I can’t tell you how many times I have been in meetings with corporate sustainability teams where someone in the group will make a comment about “we’re not doing sustainability because of global warming” or “I don’t believe in that changing climate stuff,” but then they will proceed to talk to us about calculating a carbon footprint and reducing greenhouse gas emissions (GHG emissions). Sometimes they are pursuing reductions because of customer pressure, or sometimes it is related to public reporting pressure. Whatever reason your company has for identifying its carbon footprint, I am here to tell you that, like it or not, measuring and reducing GHG emissions IS about climate change.
Now, of course, there are other benefits to reducing emissions. GHG emissions are largely tied to energy for most businesses. Reducing energy use is an easy business case to make because it has an immediate impact on the bottom line; it saves money. But, the reason that NGO’s, investors, and customers are pressuring companies to report on their carbon footprint is not really because they want you to save energy and money – it is because of the climate. This is because they are concerned with either the direct impacts of climate change or the expectation that greenhouse gasses will be regulated and/or priced one day – because of climate change. Either way, the big concern is about the future impacts of the climate and the dramatically greater costs we will face if we don’t address it now.
Climate change is the elephant in the room, so let’s be clear. If your organization decides to calculate report on, and reduce GHG emissions, you are sending a message to stakeholders. By doing so, you imply that you understand and are working to reduce emissions to address the potential implications of a changing climate for your business, be those physical, regulatory, or other. If you don’t believe that, you might as well just stick with reporting on energy use and energy reductions and call it a day.
For organizations that are intent on measuring and reporting on emissions, having individuals who haven’t connected calculating a carbon footprint to the climate can actually be a great opportunity for conversations that get your company thinking about sustainability more strategically. And it may not be as difficult as you think.
So, what is the best approach? There are many, many perspectives out there on how best to talk about the subject. Should you use fear or hope? Should you be scientific or anecdotal? Should you try to appeal to people’s connection to nature or their concern for the future facing their grandchildren?

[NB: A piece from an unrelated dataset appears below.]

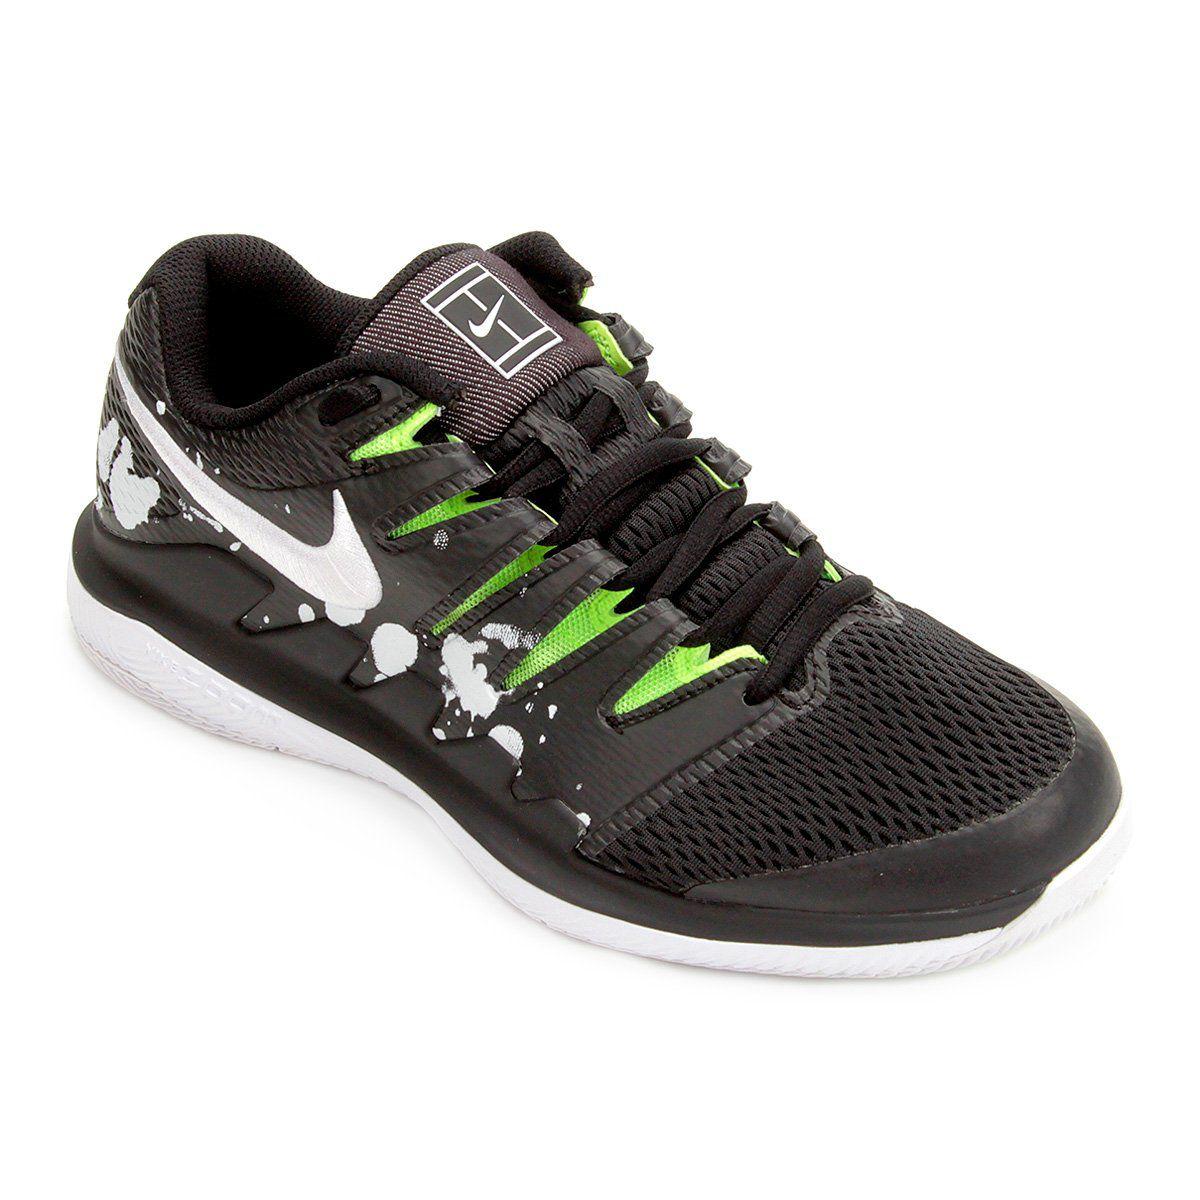 Tênis Nike Air Zoom Vapor X PRM Masculino - Preto e Branco
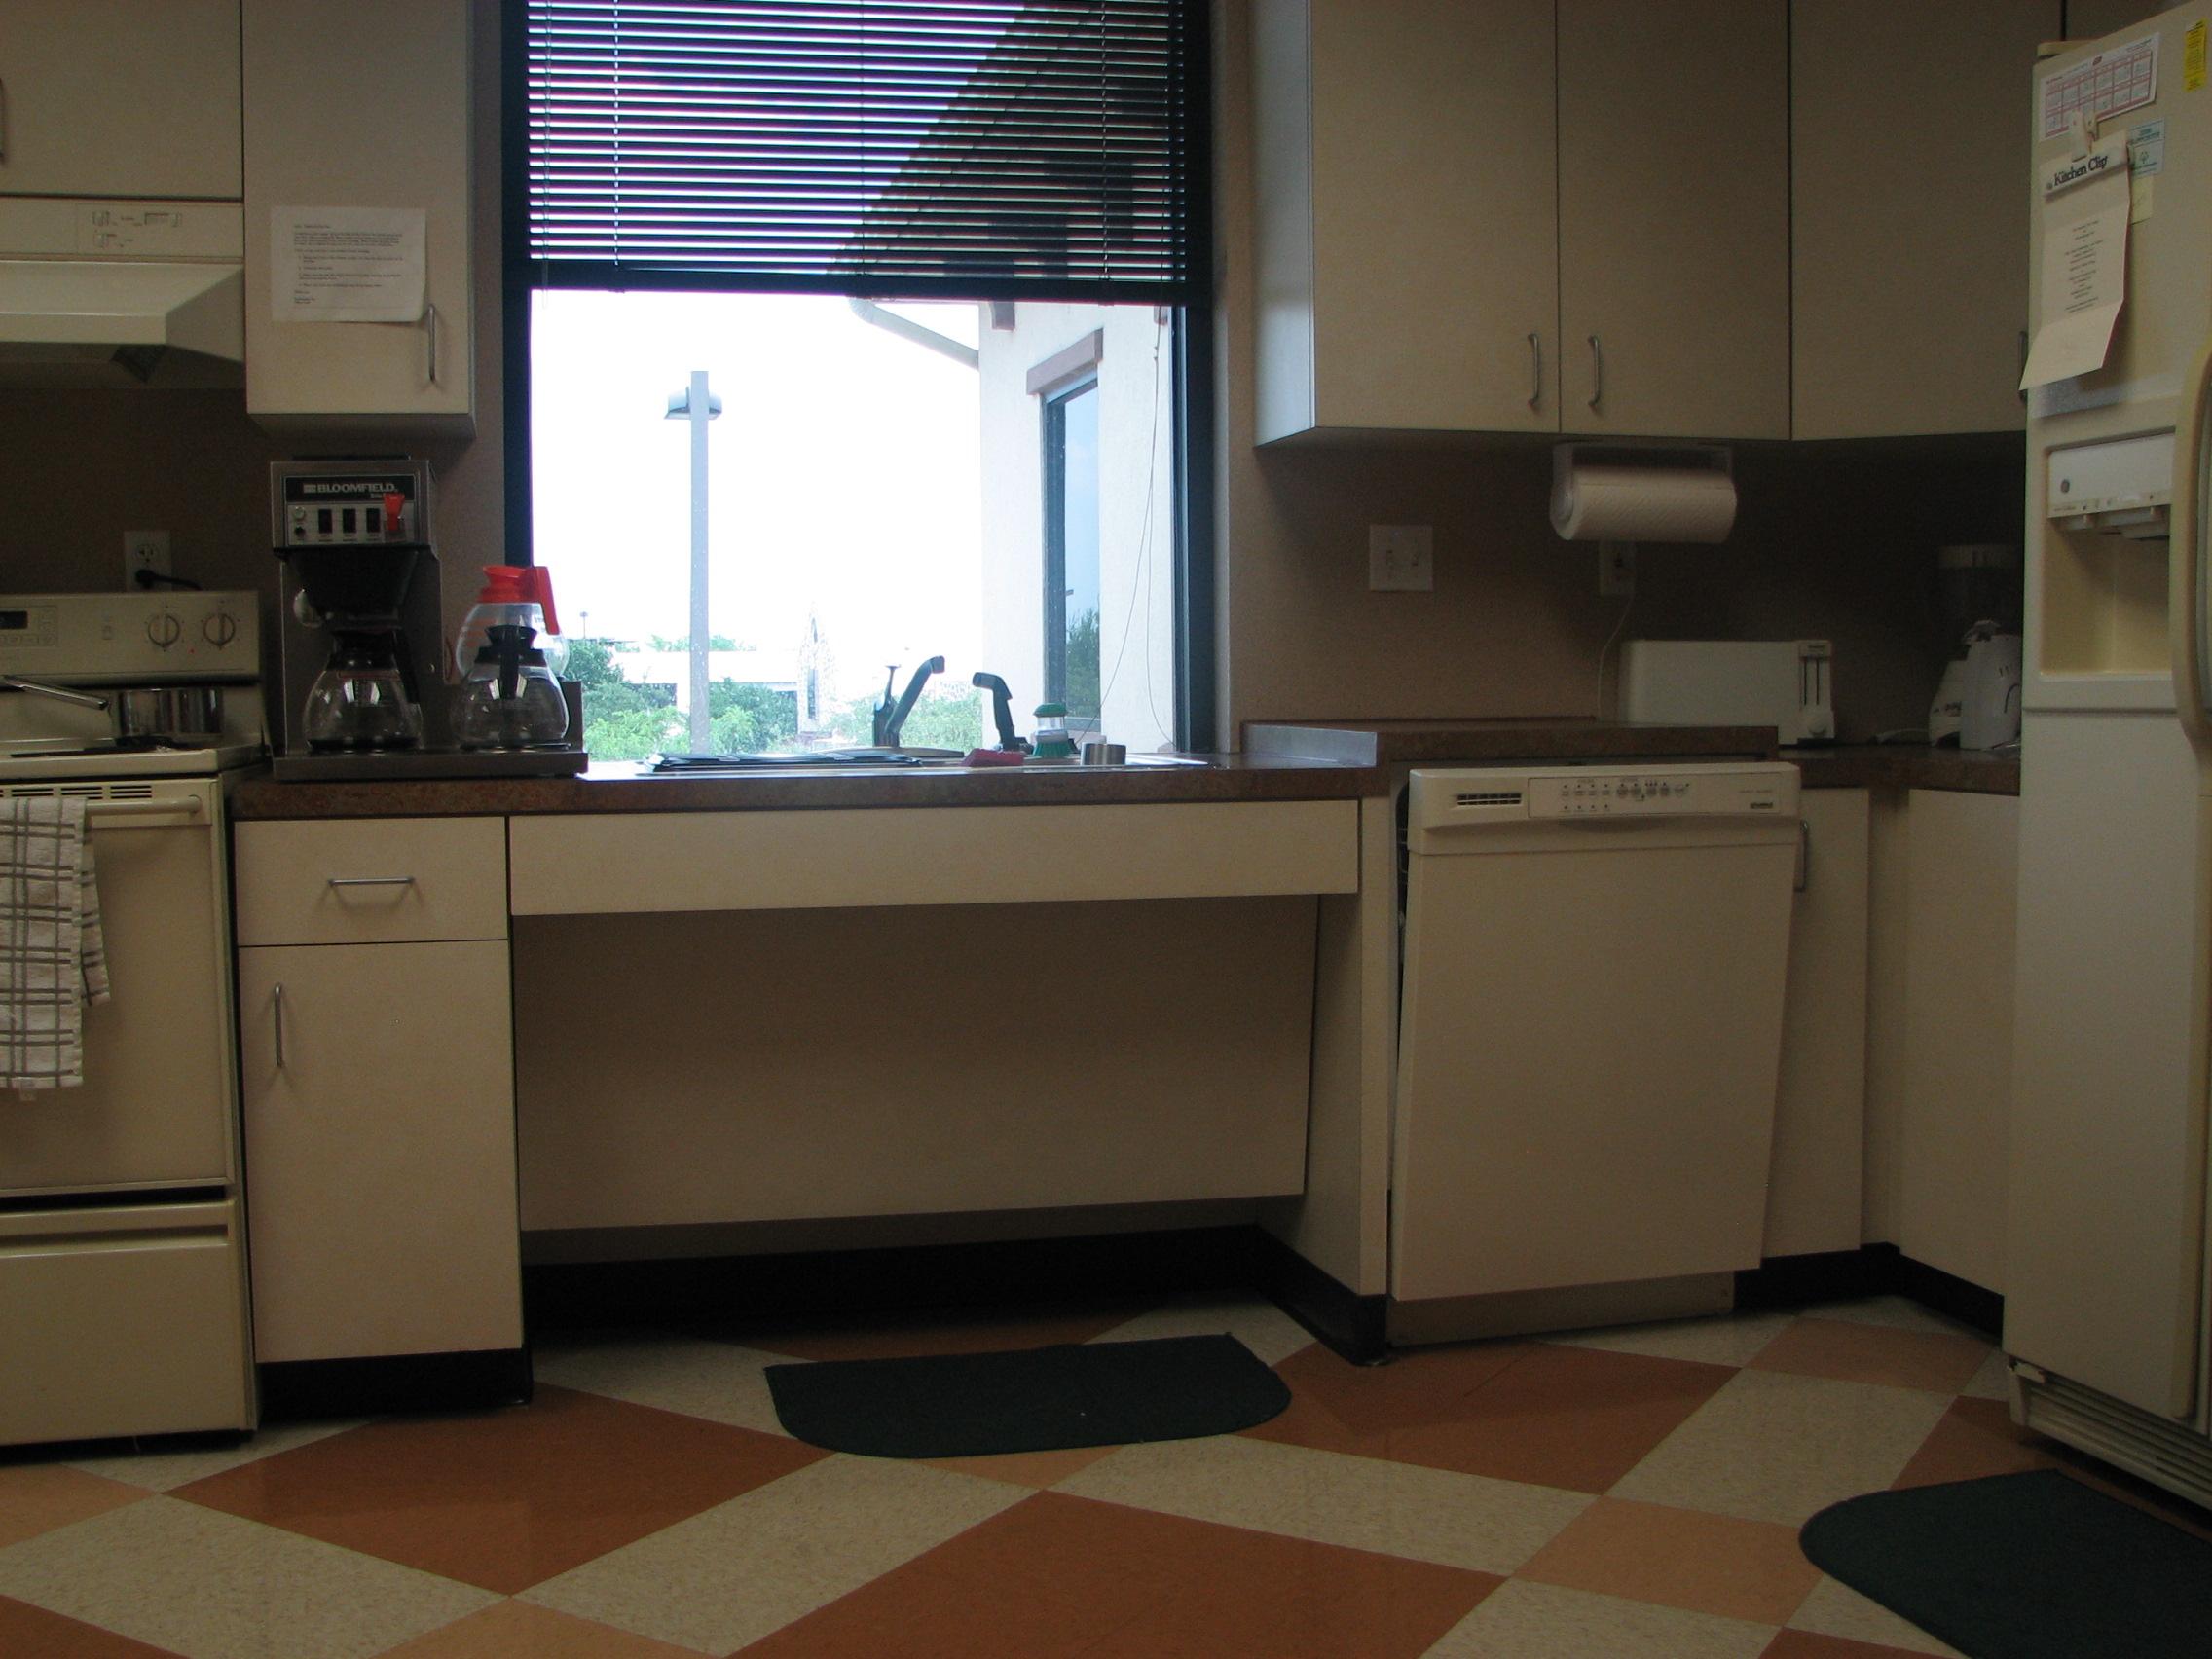 ada kitchen sink base cabinet  Home Decor

In a business context, I find that these four rules of thumb are very helpful:
- Stick to credible research. Use the data with the greatest degree of scientific consensus behind it and stay current. The most credible source is the latest Intergovernmental Panel on Climate Change(IPCC) reports, in this case the Fifth Assessment Report (WGI AR5).(More on this in our next post).
- Keep it simple. The AR5 Summary for Policymakers is very helpful, but still complex. Identify a few key data points that demonstrate what you want to say, explain them, use visuals whenever possible, and provide options for more information if anyone in the group would like to dig deeper.
- Avoid drama. Keep it unemotional and avoid injecting personal opinion (see rule 1) or “color” to the presentation. Pretend that you are reading from the company financials and err on the side of less is more.
- Circumvent debates. If there is someone in the room that has a different perspective, acknowledge that respectfully. If the person is critical to the decision making process and his/her opinion may keep the rest of the group from moving forward, suggest that the entire team review the IPCC policymakers brief and hold a second meeting to discuss only reflections on the document. In that second meeting, the group can decide what its position is. If the group remains divided or unconvinced, you will need to decide what implications this has for the company’s actions as it relates to calculating and reporting on GHG emissions.
While there is a potential for the discussion to be heated, in my experience these conversations tend to go much better than we believe they will. Whoever is doing the presenting to the team, should take time to become educated on the subject matter so that they are able to speak knowledgeably and confidently. Chances are he or she will be a lot more knowledgeable than anyone else in the room, and the reaction might just surprise you. As an alternative, you can bring a third party in to lead the discussion. I am less of a fan of this strategy, but it can be an effective depending on who the person/organization is and the dynamics of your organization. Consider carefully whether an internal person or external person will be better received with the specific group of people you have assembled. If you choose to bring in an outside “expert” make sure that your team view them as being credible. One approach is to go to a trusted source, such as your auditor (many of these companies have sustainability specialists now) and ask them to present.
Whichever way you go, you are certain to come away from a candid and informed discussion with a better understanding about why (or why not) to calculate your carbon footprint and address emissions. This will build solidarity and avoid confusion and surprises down the line.